┌─ Supplied data

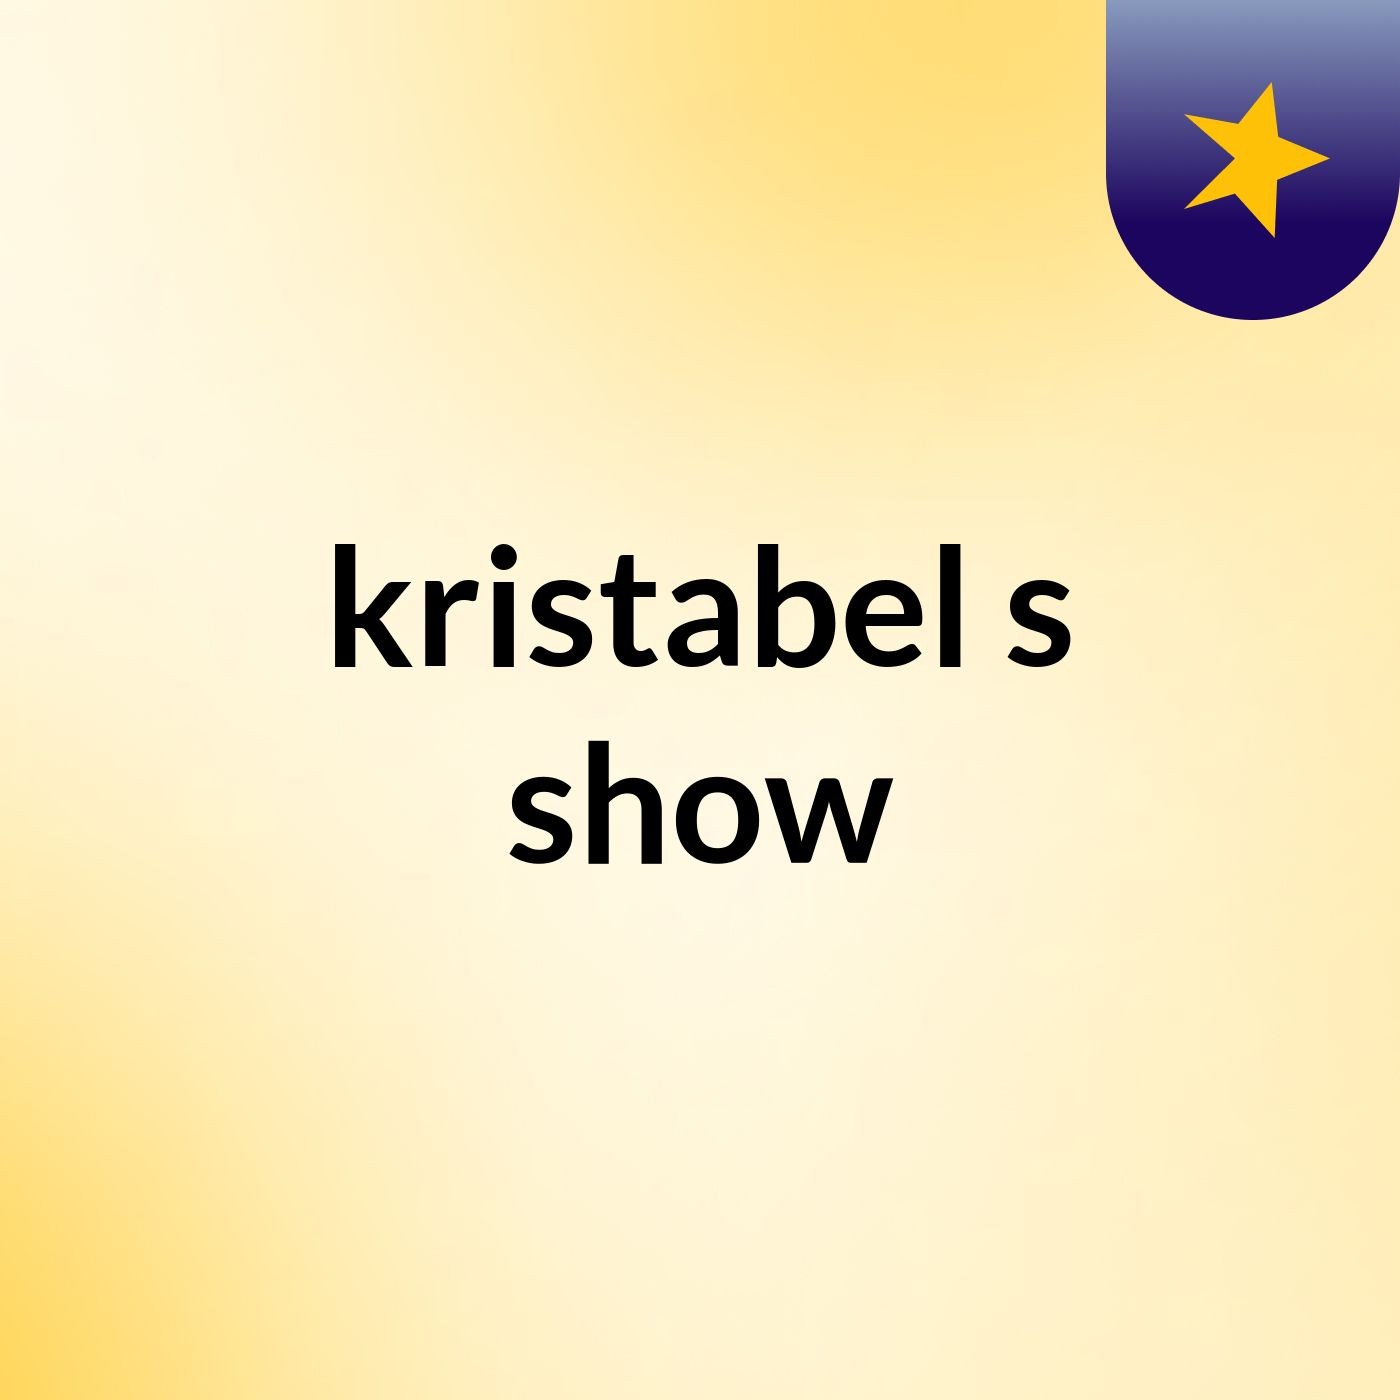 kristabel's show
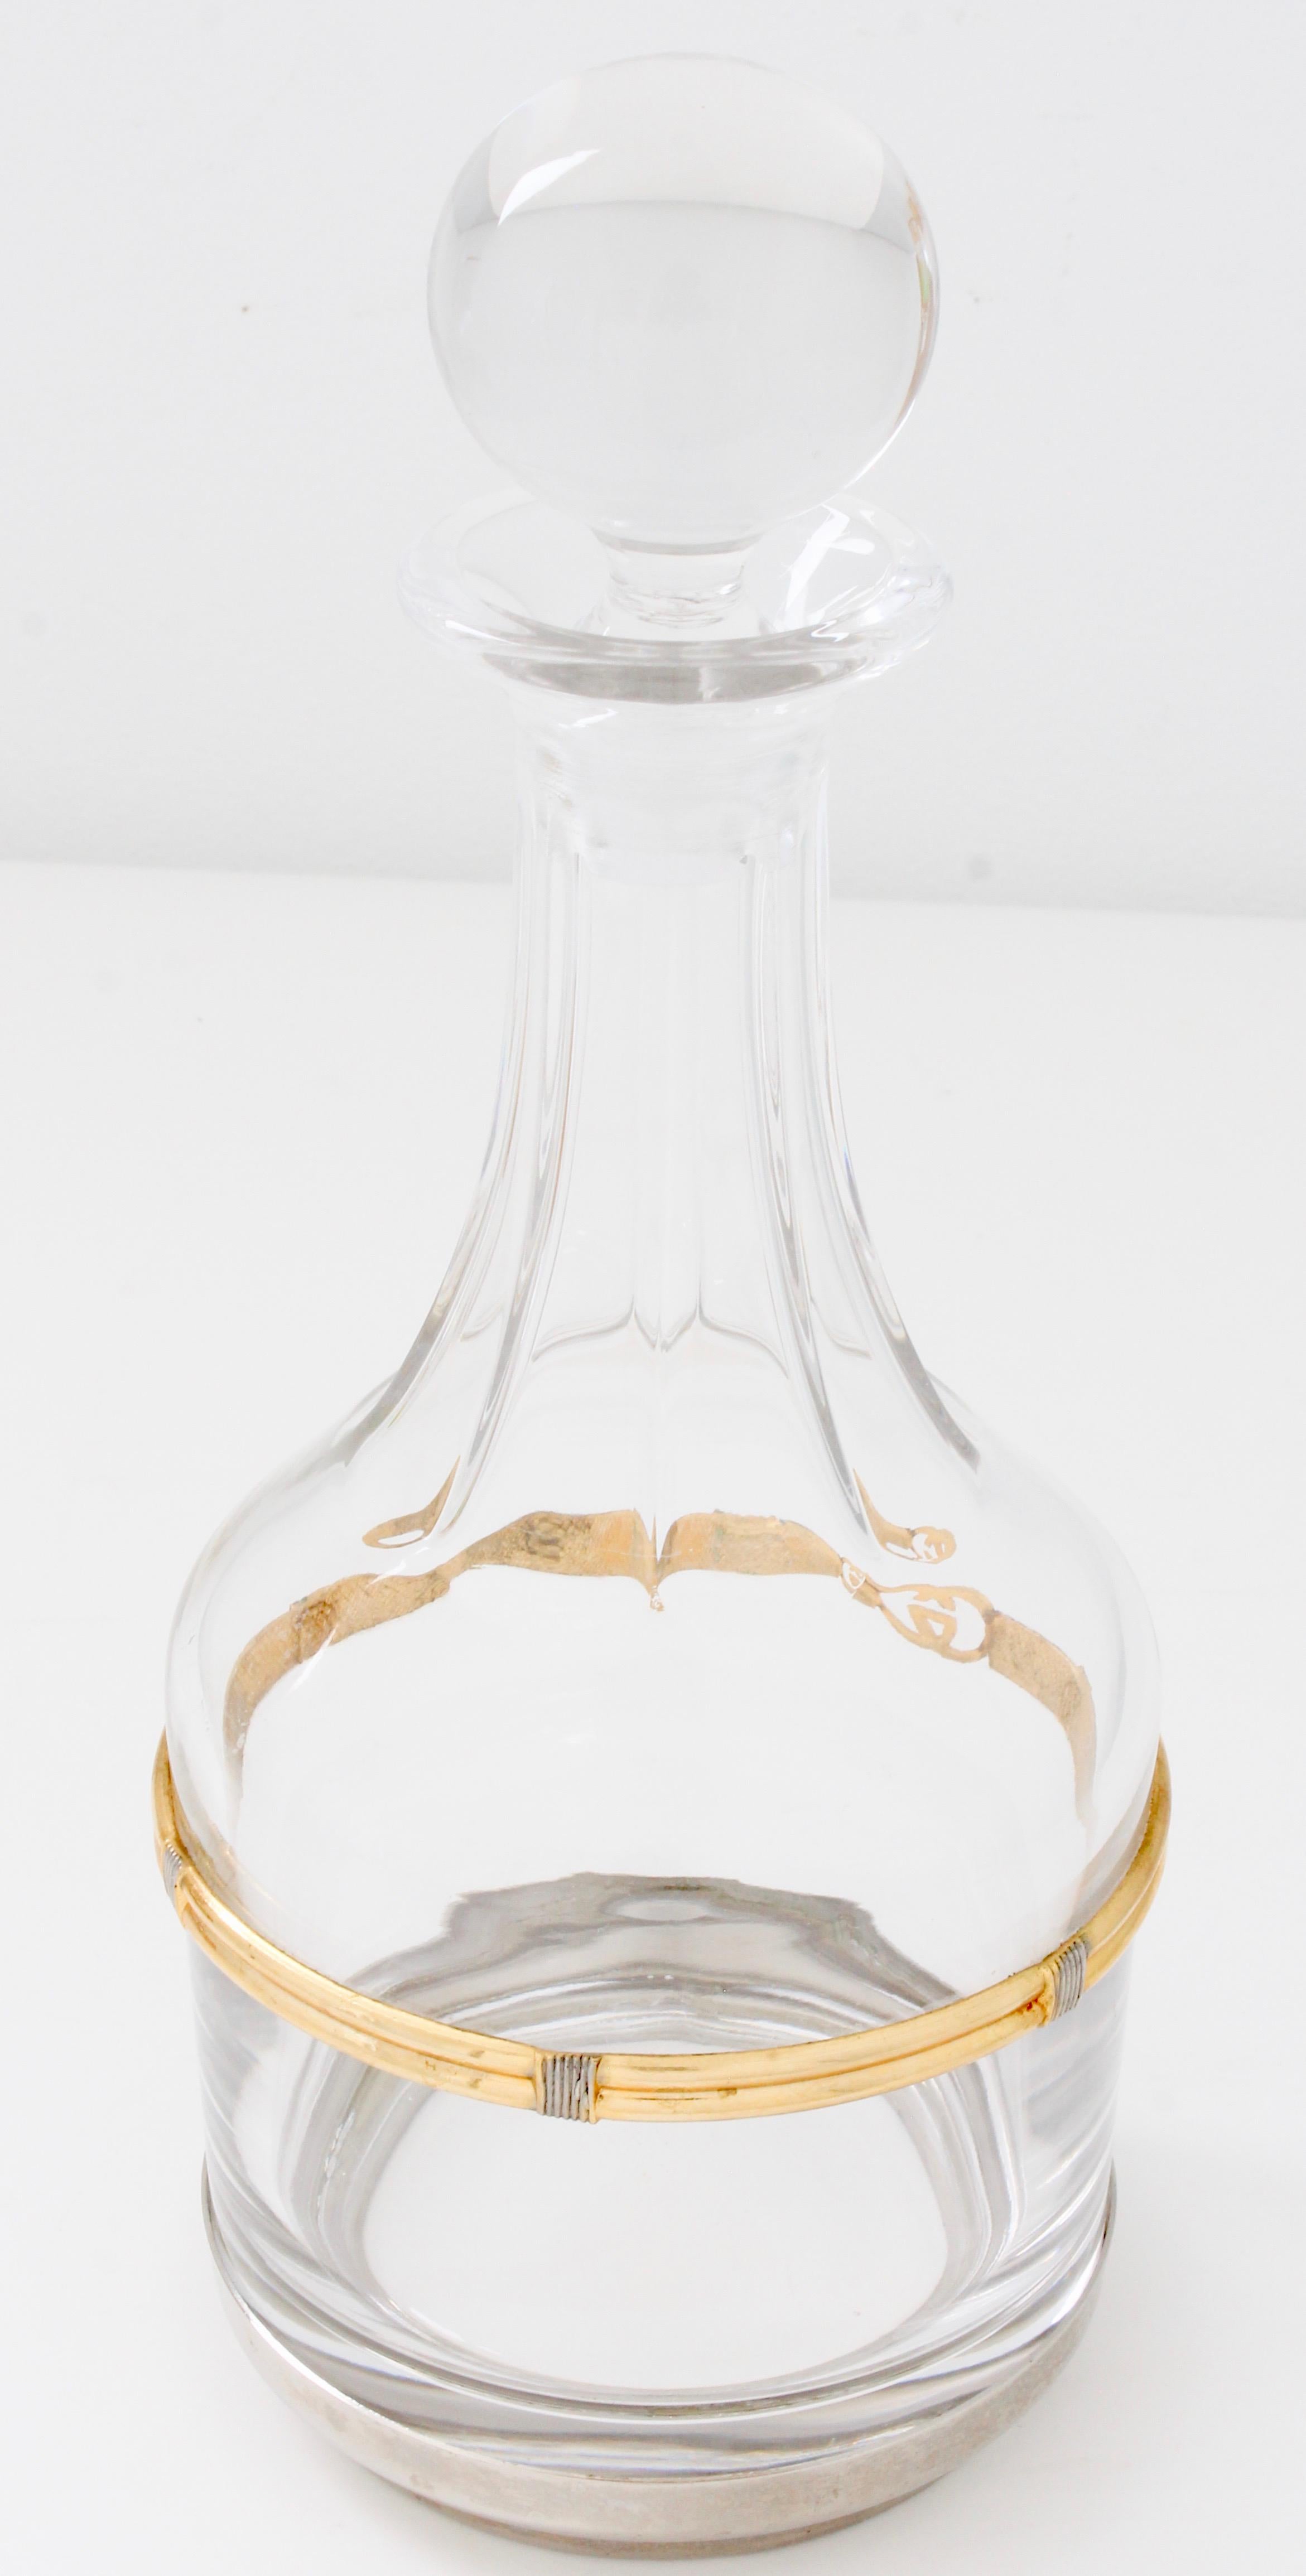 Seltene Gucci Kristall Wein Dekanter mit Stopper GG Logo Gold Silber Seilmotiv 70er Jahre (Grau)
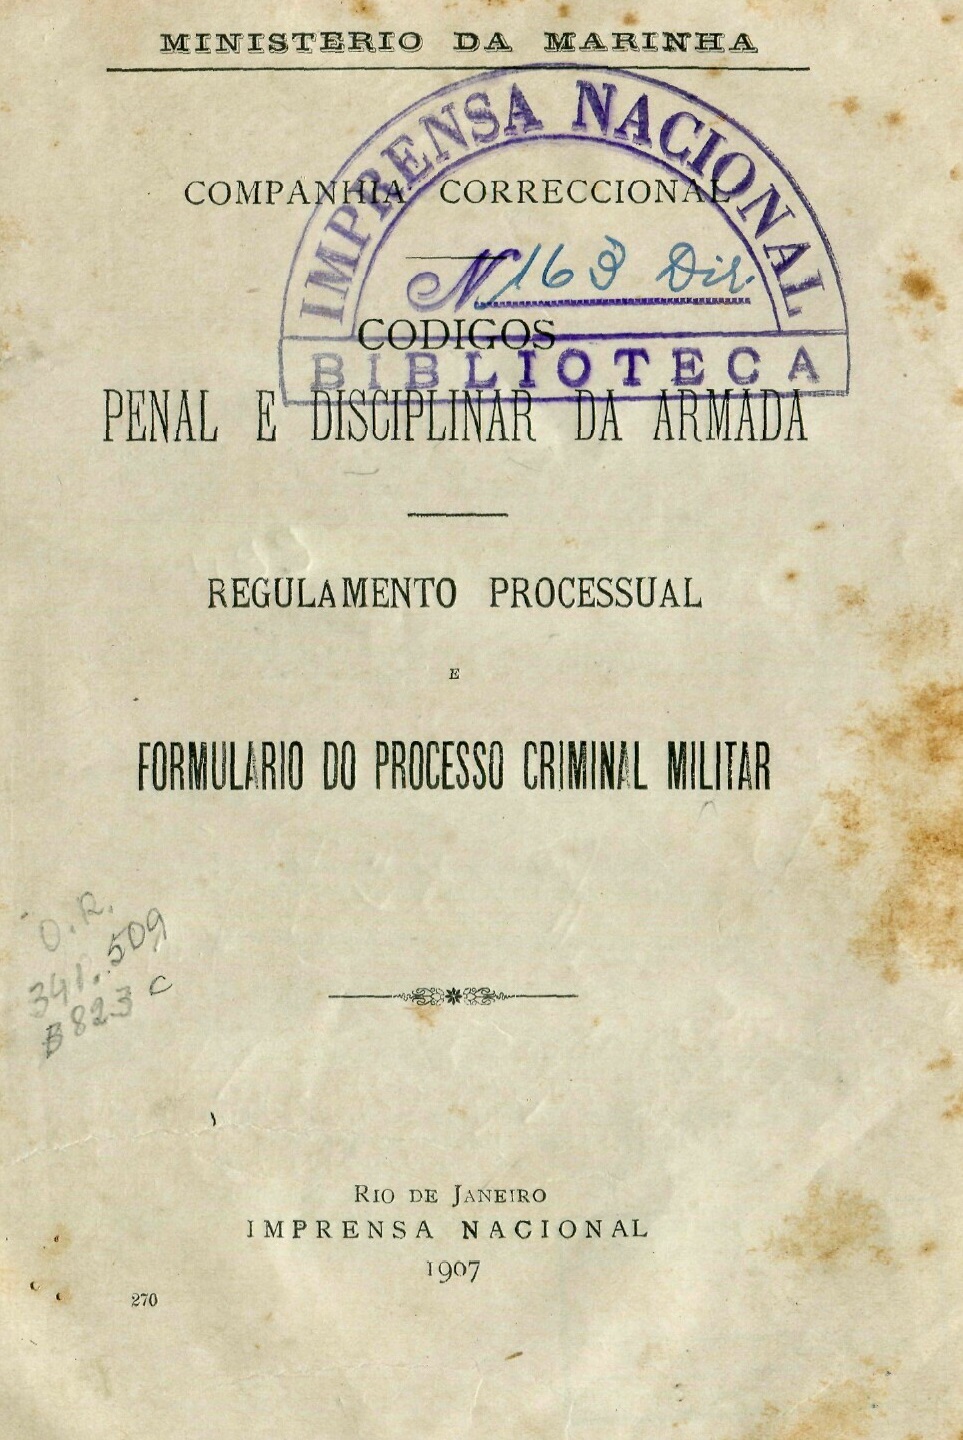 Capa do Livro Codigos Penal e Disciplinar da Armada

└─

The listing should be transcribed in full, exactly, and without its pictures.

Solution for this problem:
 kristabel's show
 Seltene Gucci Kristall Wein Dekanter mit Stopper GG Logo Gold Silber Seilmotiv 70er Jahre (Grau)
 Capa do Livro Codigos Penal e Disciplinar da Armada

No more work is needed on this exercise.